JustCars.ca: CCCA guide and vintage car listings and reviews of classic cars.
The Classic Car Club of America (CCCA)
Founded in 1952 to celebrate the grand automobiles of the prewar period, vehicles considered too modern by such organisations as the Antique Automobile Club of America and considered practically worthless. CCCA vehicles are now some of the most highly valued cars in existence.

The Classic Car Club of America: Definition of a Classic car

In the words of the CCCA: A CCCA Classic is a "fine" or "distinctive" automobile, either American or foreign built, produced between 1925 and 1948. Generally, a Classic was high-priced when new and was built in limited quantities. Other factors, including engine displacement, custom coachwork and luxury accessories, such as power brakes, power clutch, and "one-shot" or automatic lubrication systems, help determine whether a car is considered to be a Classic.

The CCCA is considered to have invented the term classic car, which was coined to describe the vehicles covered by the Club's interest. While the term is nowadays used to describe any interesting old vehicle, many consider it only properly used to describe vehicles considered eligible for the CCCA. This may be considered analogously to the correct usage of 'Classical music' to mean only from a specific historical period, even though many people use the term to mean any orchestral work.

In order to avoid ambiguity, classic cars that are eligible for the CCCA are generally called 'CCCA Full Classics', 'CCCA Classics', 'Full Classics', or just capitalised as 'Classics'.
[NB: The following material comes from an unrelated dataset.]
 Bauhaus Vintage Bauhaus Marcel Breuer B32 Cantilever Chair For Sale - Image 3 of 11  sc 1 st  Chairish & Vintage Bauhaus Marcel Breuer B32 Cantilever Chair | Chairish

The CCCA has an admittedly narrow focus, being interested only in the high-priced cars available in a limited time period. Racing cars and serious sports cars are not covered by the CCCA, either.

Eligible Vehicles

Cars built after 1942 and up until 1948 are only accepted if they are nearly identical to prewar vehicles; the focus of the club is on the prewar, but this accepts that many cars built immediately postwar were actually the same vehicles as were available immediately before hostilities began.
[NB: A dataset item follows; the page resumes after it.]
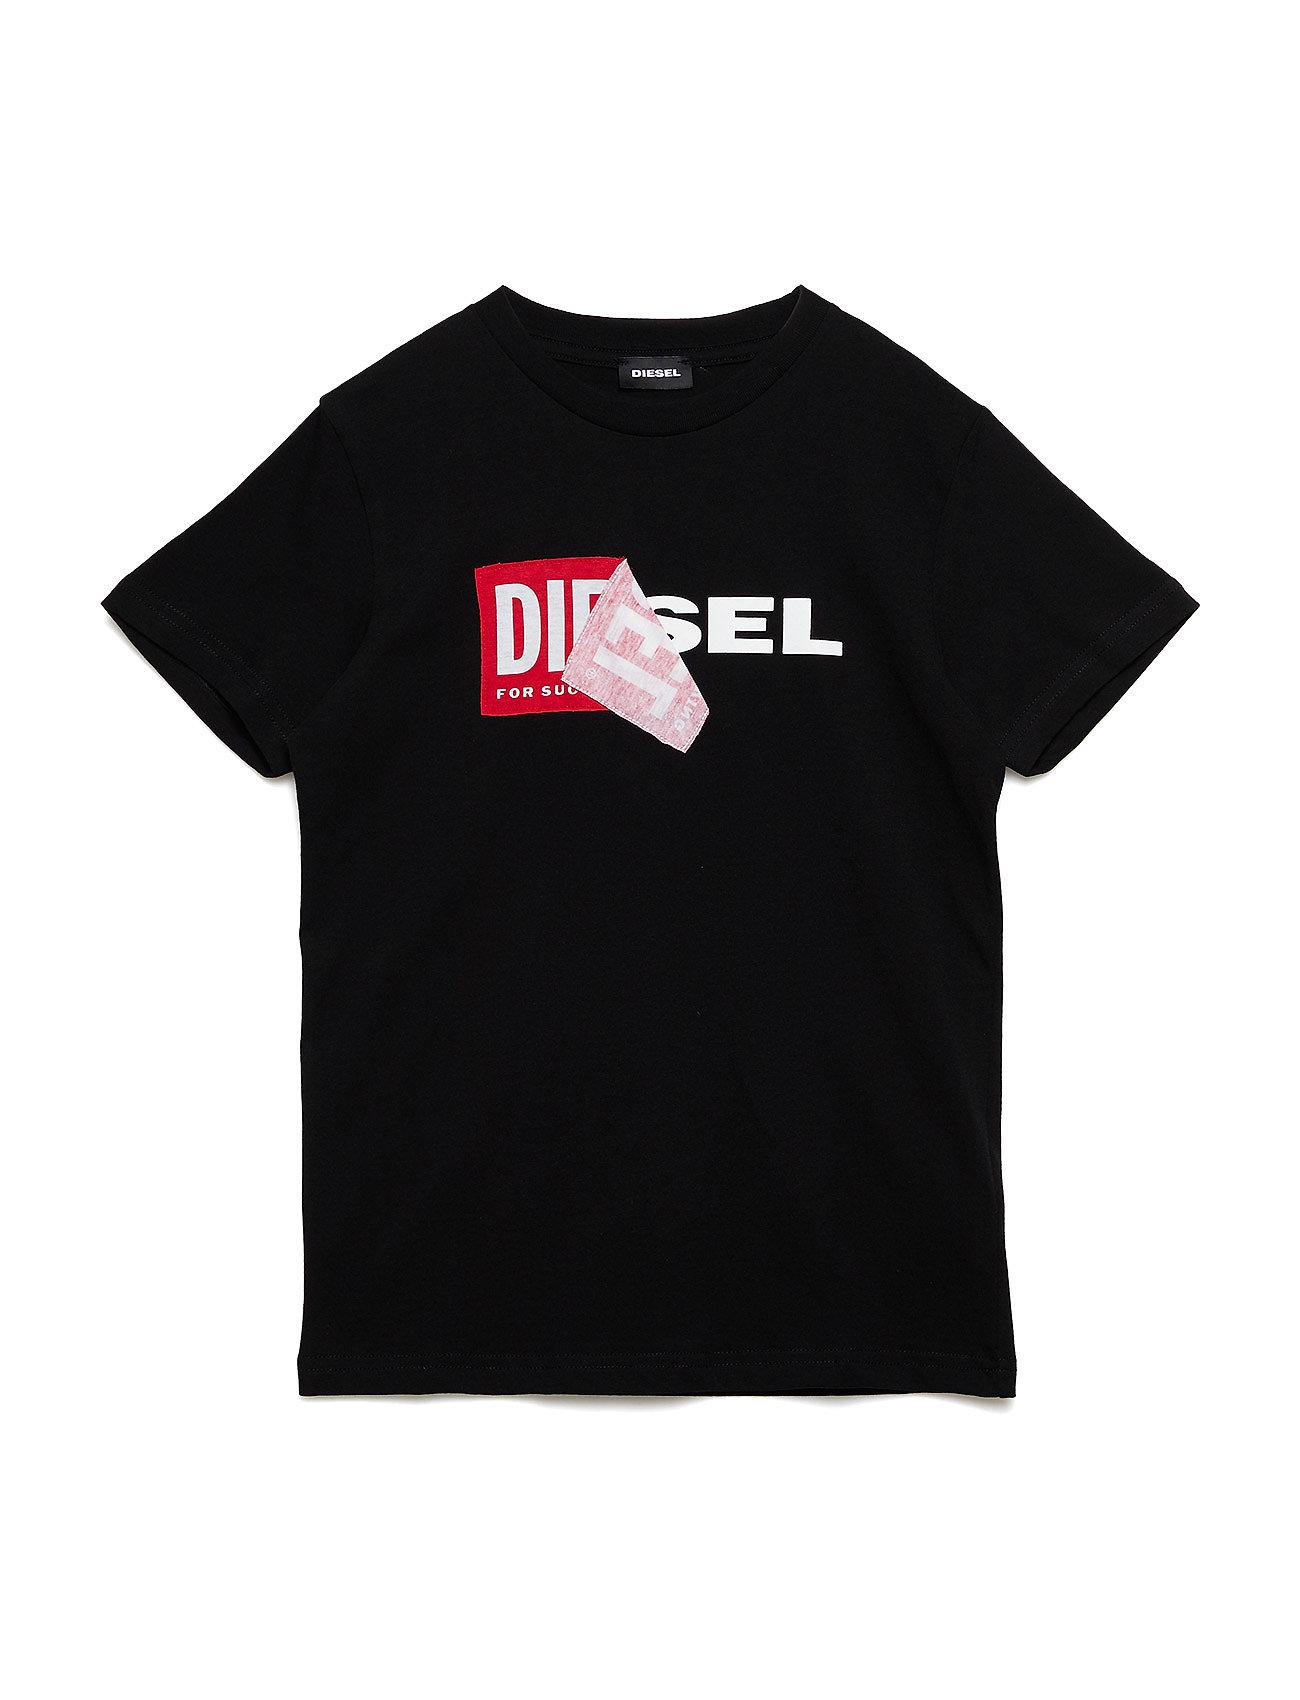 Diesel TDIEGO T-SHIRT - NERO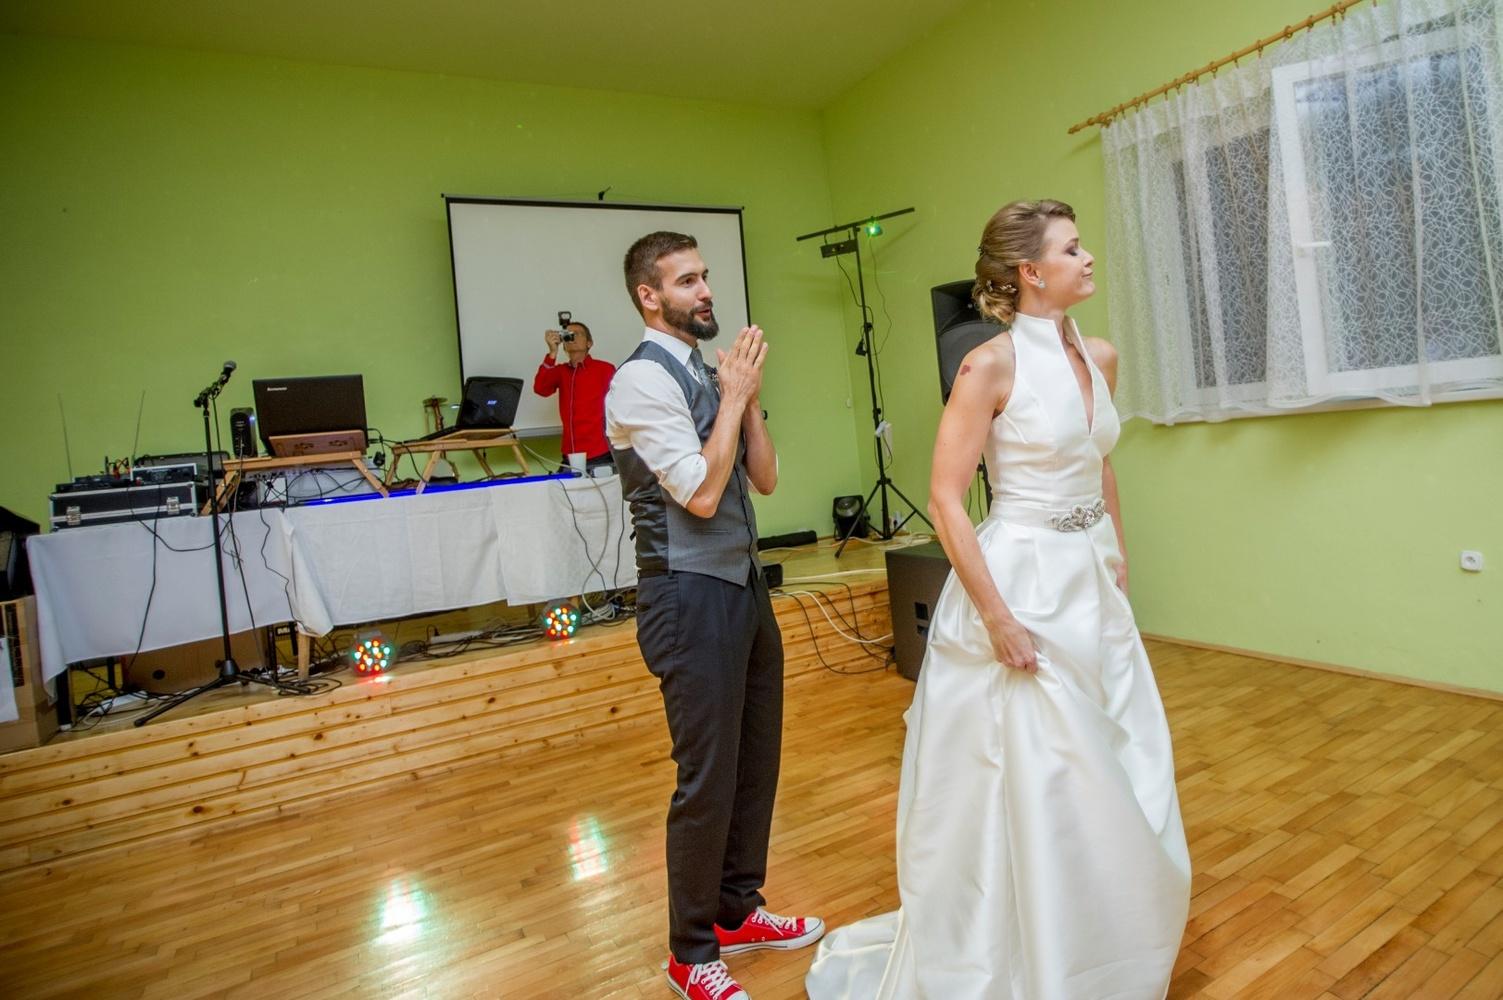 http://www.fotoz.sk/images/gallery-8/normal/eskuvoi-fotos_svadobny-fotograf_534.jpg

Cars older than 1925 may be accepted if they are fundamentally the same as eligible vehicles built in 1925 or newer.

Grand Classics

The CCCA's car shows and judged championships are known as Grand Classics and are held at various points throughout the US over the summer months.
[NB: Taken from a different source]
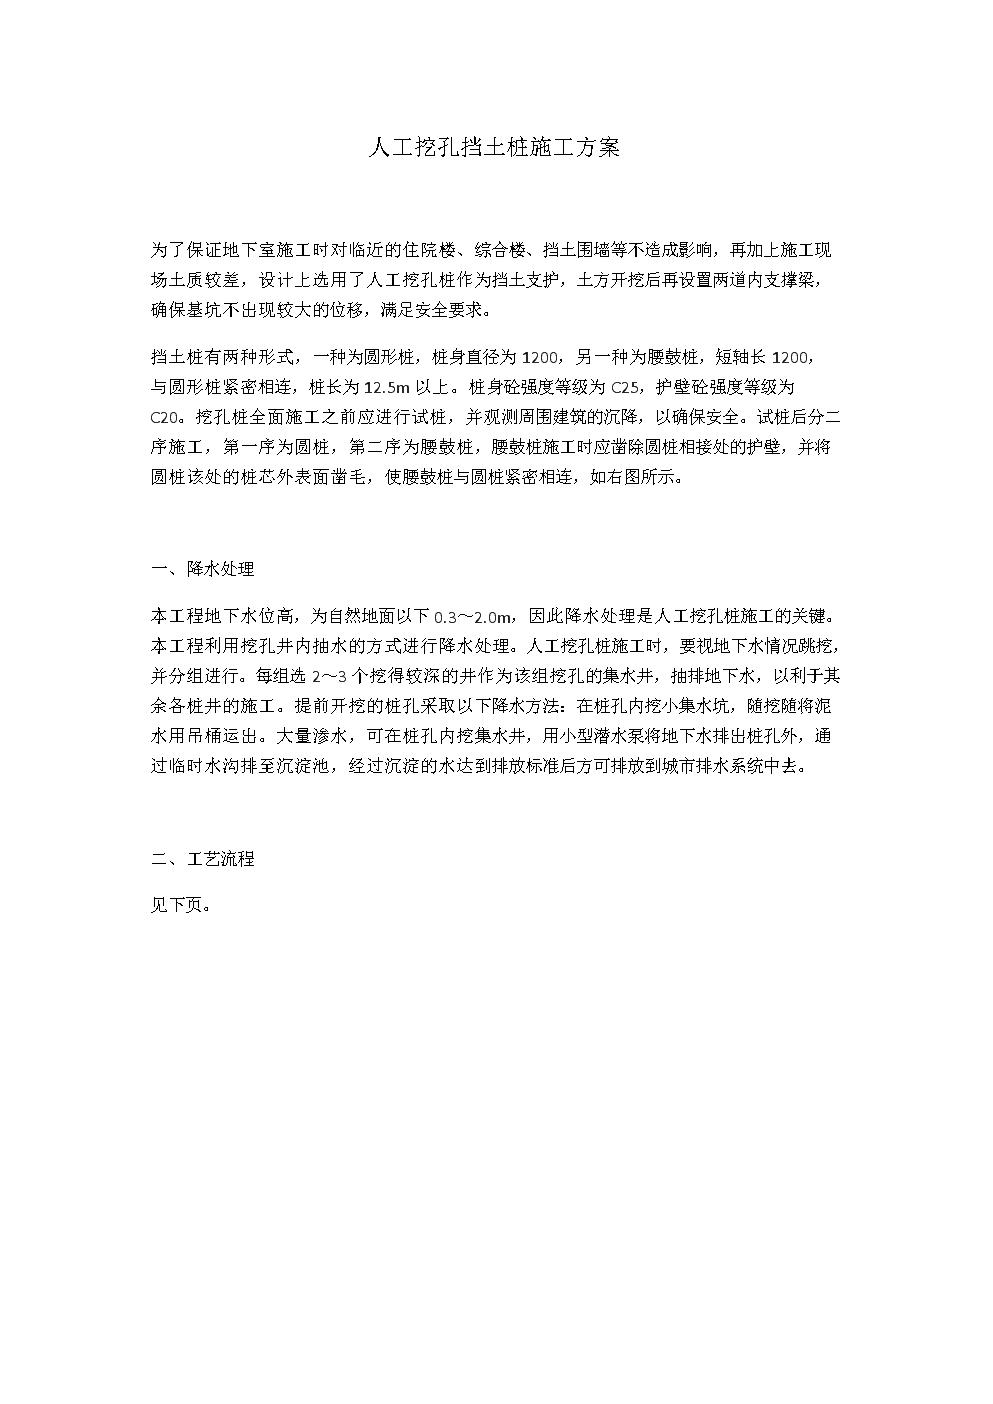 人工挖孔挡土桩施工方案.docx

About a half-dozen Grand Classics are held annually. While not as large nor as glamorous as the largest concours d'elegance such as Pebble Beach they are most certainly prestigious events in their own right.

While many cars go to be entered into competition, the Club encourages its members to bring their cars even if they are in no condition to win at show.

Concours judging is based on a comparison of the car to its condition when new. If the car now is identical to its as-new condition (or indeed better, given the quality of modern restoration) then 100 points are awarded. These days, quite a few vehicles rate 100 points at show.

Some alterations for safety purposes are permitted and do not cost judging points. Glass must be safety glass except in classes purely for unrestored, as-original cars.

Many original vehicles from early in the period had only one tail light and stop light; fitting a second one is OK as long as it looks right. Equipping a car built with only brakes on two wheels with brakes on the other two wheels is also permitted, as long it is done in keeping with the car's period.


The CCCA organises long distance driving tours under this name.

Distances covered are often well in excess of a thousand miles and the events take place over several weeks.

While some CCCA members' cars are strictly 'for show', others take great pleasure in driving them, even long distance.